Port Authority The Port Authority of New York and New Jersey leased the Idlewild property from the City of New York in 1947 and maintains this lease today. The first flight from Idlewild was on July 1, 1948; the opening ceremony was attended by then U.S. President Harry S. Truman. The Port Authority canceled foreign airlines' permits to use LaGuardia, forcing them to move to Idlewild during the next couple of years. Idlewild opened with six runways and a seventh under construction. The Port of New York Authority originally planned a single 55-gate terminal, but the major airlines did not agree with this plan, arguing that the terminal would be far too small for future traffic. Architect Wallace Harrison then designed a plan for each major airline at the airport to be given its own space to develop its own terminal. This scheme made construction more practical, made terminals more navigable, and introduced incentives for airlines to compete with each other for the best design. The revised plan met airline approval in 1955, with seven terminals initially planned. Five terminals were for individual airlines, one was for three airlines, and one was for international arrivals.
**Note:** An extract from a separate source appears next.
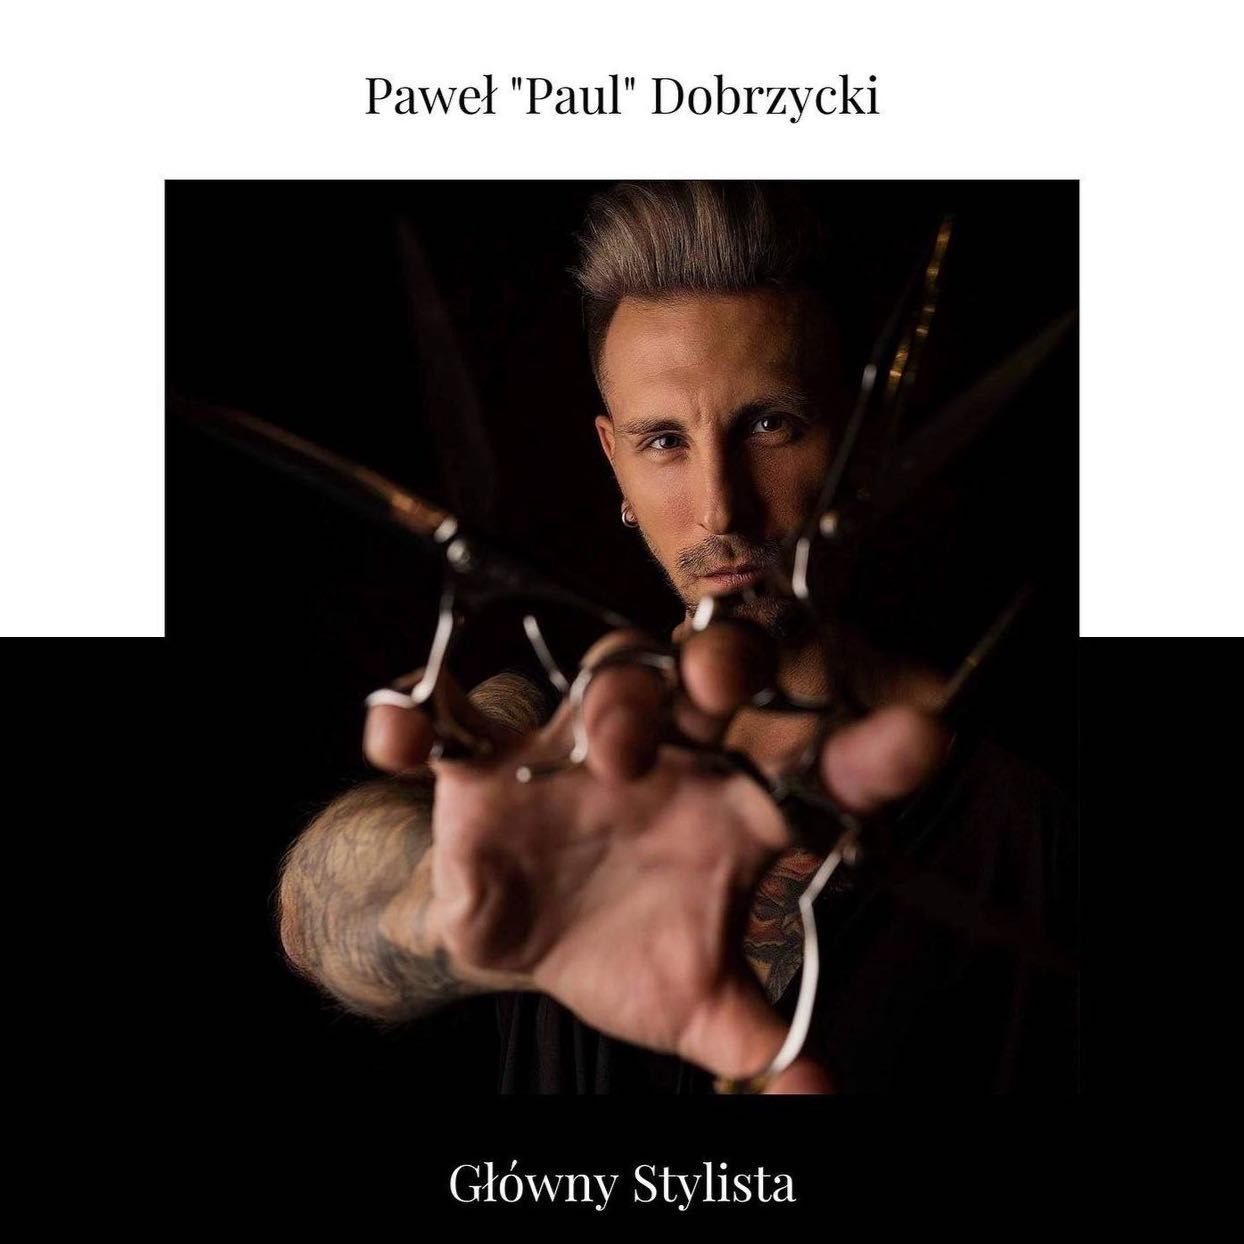 Paweł - Glow Nails & Paul Dobrzycki Hair Design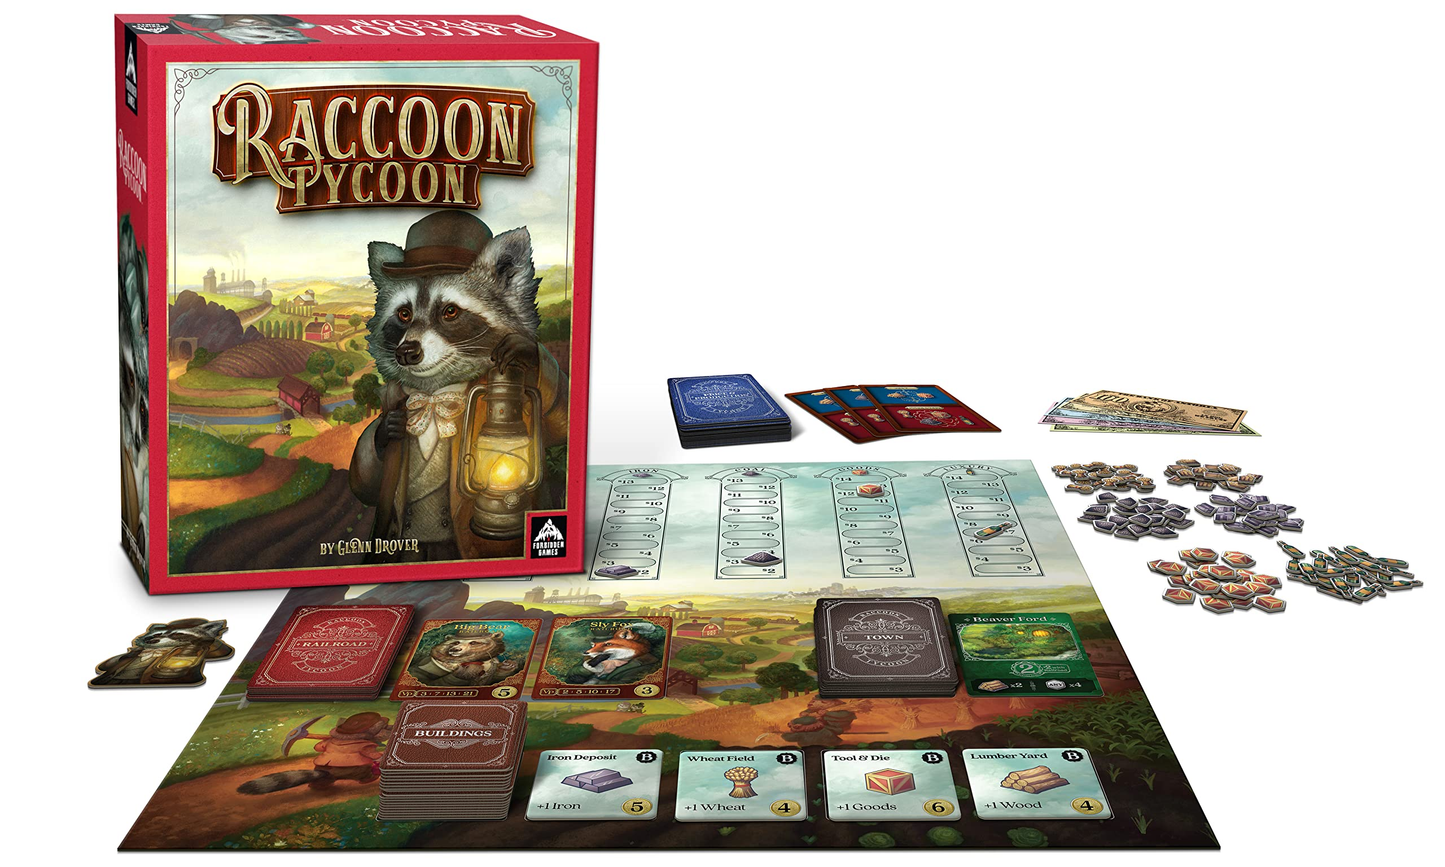 Raccoon Tycoon Standard Edition

The airport had to be modified in the late 1960s to accommodate the Boeing 747's weight. The International Arrivals Building, or IAB, was the first new terminal at the airport, opening in December 1957. The building was designed by Skidmore, Owings and Merrill. The terminal stretched nearly 2,300 feet and was parallel to runway 7R. The terminal had "finger" piers at right-angles to the main building allowing more aircraft to park, an innovation at the time. The building was expanded in 1970 to accommodate jetways. However, by the 1990s the overcrowded building was showing its age and it did not provide adequate space for security checkpoints. It was demolished in 2000 and replaced with Terminal 4.
AirTrain Construction of the AirTrain JFK rapid-transit system began in 1998, after decades of planning for a direct rail link to the airport. Although the system was originally scheduled to open in 2002, it opened on December 17, 2003 after delays caused by construction and a fatal crash. The rail network links each airport terminal to the New York City Subway and the Long Island Rail Road at Howard Beach and Jamaica. As Terminal 4 was built during the construction of the AirTrain, the AirTrain station was built inside the terminal building. Other AirTrain stations are built across from terminal buildings. Delta Air Lines has also moved much of its operations to T4, as it expands operations beyond T2, with T3 now closed. Concourse A serves as the stopping location for Asian and some European airlines, whereas Concourse B is made up of Delta flights, and a number of Asian and some European airlines.